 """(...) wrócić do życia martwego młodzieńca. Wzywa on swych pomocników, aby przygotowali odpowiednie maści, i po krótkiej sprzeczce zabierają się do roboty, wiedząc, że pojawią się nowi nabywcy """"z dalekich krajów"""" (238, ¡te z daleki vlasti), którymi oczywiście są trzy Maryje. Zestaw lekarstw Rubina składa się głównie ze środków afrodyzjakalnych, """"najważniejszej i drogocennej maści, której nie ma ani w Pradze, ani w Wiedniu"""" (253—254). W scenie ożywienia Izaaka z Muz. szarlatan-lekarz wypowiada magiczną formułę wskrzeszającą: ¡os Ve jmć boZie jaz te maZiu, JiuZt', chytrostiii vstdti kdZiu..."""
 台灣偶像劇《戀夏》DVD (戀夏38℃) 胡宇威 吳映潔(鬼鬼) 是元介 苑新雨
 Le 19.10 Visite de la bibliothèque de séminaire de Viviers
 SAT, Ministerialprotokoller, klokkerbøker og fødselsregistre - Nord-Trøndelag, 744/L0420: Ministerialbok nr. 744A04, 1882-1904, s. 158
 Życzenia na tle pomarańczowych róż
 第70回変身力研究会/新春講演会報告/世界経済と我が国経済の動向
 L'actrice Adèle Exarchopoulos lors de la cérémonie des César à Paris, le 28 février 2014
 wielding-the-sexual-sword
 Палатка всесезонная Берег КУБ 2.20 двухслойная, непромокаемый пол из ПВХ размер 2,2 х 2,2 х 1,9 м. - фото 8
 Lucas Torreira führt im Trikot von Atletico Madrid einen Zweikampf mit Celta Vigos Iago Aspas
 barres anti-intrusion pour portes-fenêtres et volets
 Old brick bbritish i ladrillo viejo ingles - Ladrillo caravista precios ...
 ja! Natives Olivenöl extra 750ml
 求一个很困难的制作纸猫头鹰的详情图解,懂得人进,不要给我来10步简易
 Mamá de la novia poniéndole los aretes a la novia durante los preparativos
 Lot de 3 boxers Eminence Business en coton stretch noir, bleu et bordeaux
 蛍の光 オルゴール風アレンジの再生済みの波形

--------------------

Once the line with "Lucas Torreira führt" has been found in the records above, retype it and every line after it exactly, and include nothing else.

 Lucas Torreira führt im Trikot von Atletico Madrid einen Zweikampf mit Celta Vigos Iago Aspas
 barres anti-intrusion pour portes-fenêtres et volets
 Old brick bbritish i ladrillo viejo ingles - Ladrillo caravista precios ...
 ja! Natives Olivenöl extra 750ml
 求一个很困难的制作纸猫头鹰的详情图解,懂得人进,不要给我来10步简易
 Mamá de la novia poniéndole los aretes a la novia durante los preparativos
 Lot de 3 boxers Eminence Business en coton stretch noir, bleu et bordeaux
 蛍の光 オルゴール風アレンジの再生済みの波形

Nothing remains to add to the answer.